Both sides continued to trade accusations, with Moscow opening a criminal investigation into a Russian soldier’s allegations that he was beaten and threatened with death while being held in Ukraine as a prisoner of war.

Separately, a social media video verified by Reuters and geolocated to an area west of Kyiv appears to show Ukrainian forces shooting and killing a captured and badly wounded Russian soldier.

NATO members agreed to strengthen support to Ukraine on Thursday.

Ukraine has received about 25,000 anti-aircraft weapons systems from the United States and its allies, the top US general said, and Washington is looking into what new support it could send.

In a video address posted on YouTube, Ukrainian Defence Minister Oleksii Reznikov made a plea for heavier, more modern weapons as Russia concentrated its forces for a powerful attack.

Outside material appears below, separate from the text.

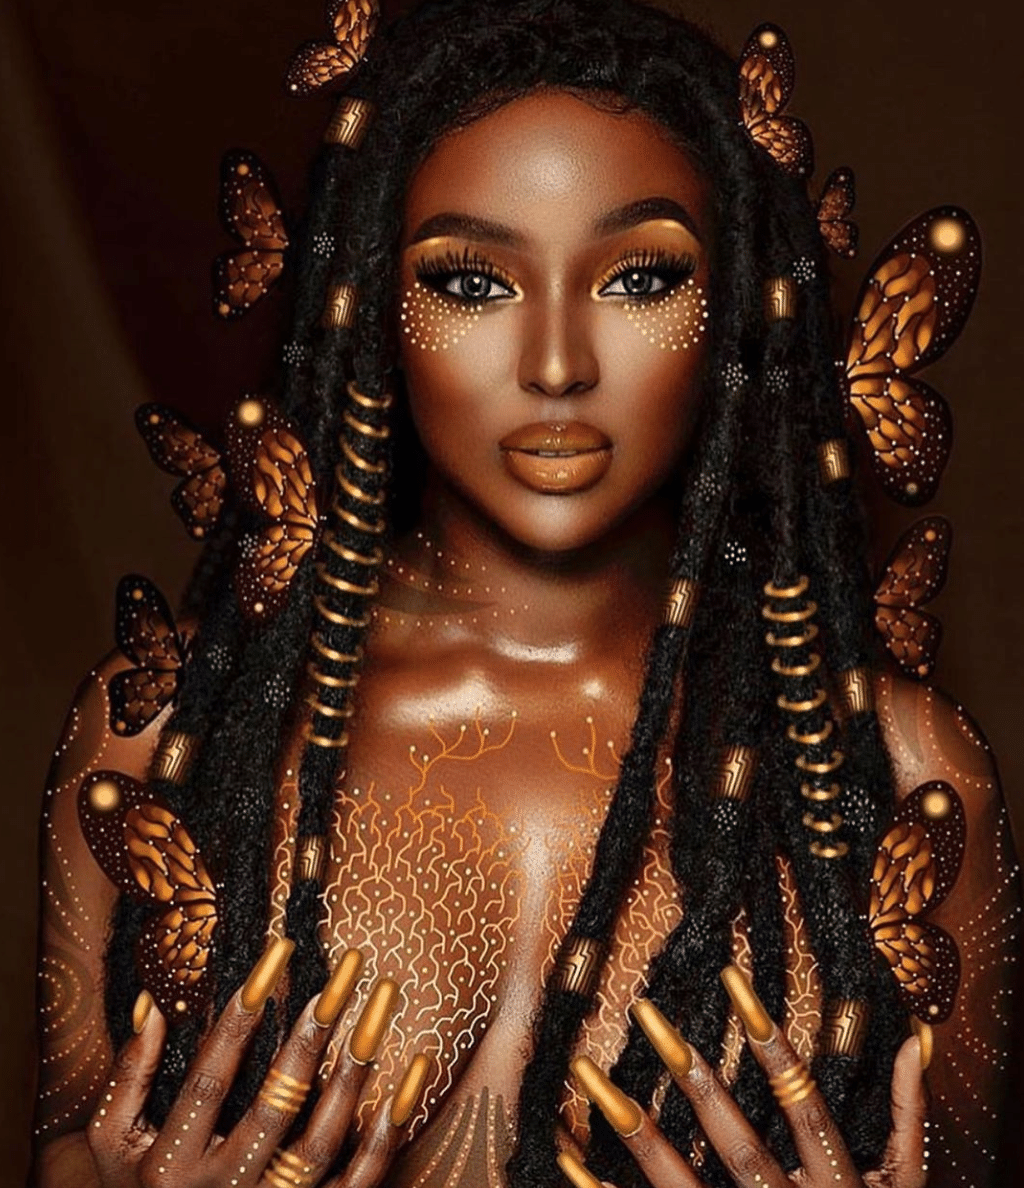 Amara La Negra Serves Up African Goddess In A New Post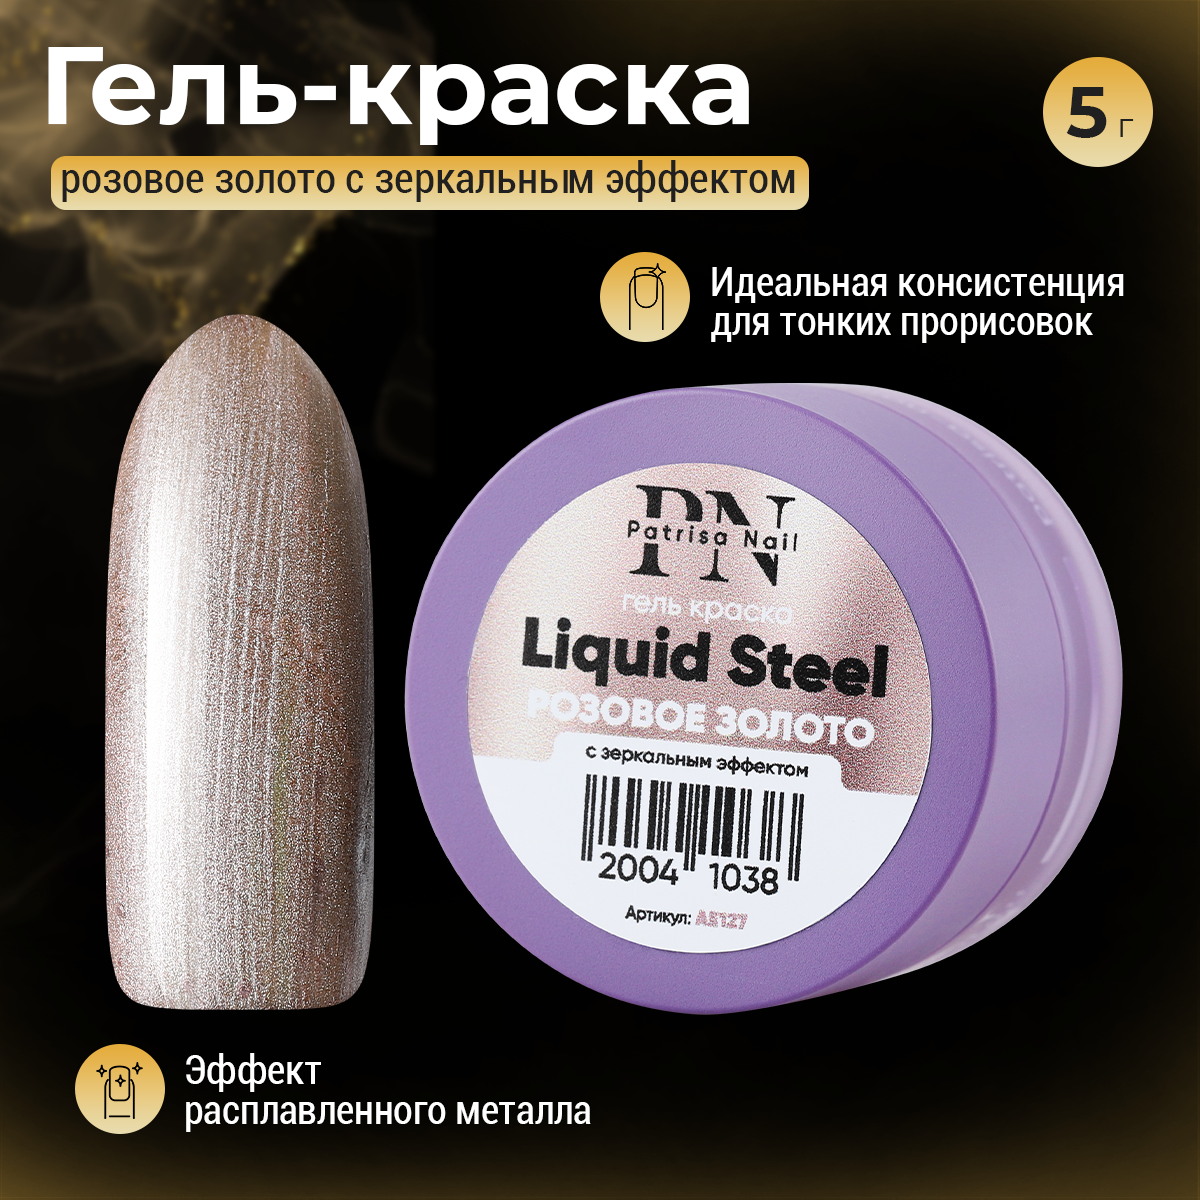 Гель-краска Patrisa nail, Liquid Steel, Розовое золото, 5 г краска гуашевая золото светлое 22мл банка olki

Russia has “drawn conclusions and changed tactics” and is now focusing on long-range strikes from the air.

As a result, Ukraine needs air defence systems, long-range artillery, tanks and anti-ship missiles, Reznikov said.

Zelenskiy’s government says starving Moscow’s war machine is the only way to bring it to a settlement at on-and-off peace talks.

On Thursday, Russian Foreign Minister Sergei Lavrov said a draft peace deal from Kyiv contained “unacceptable” elements and deviated from previously agreed proposals.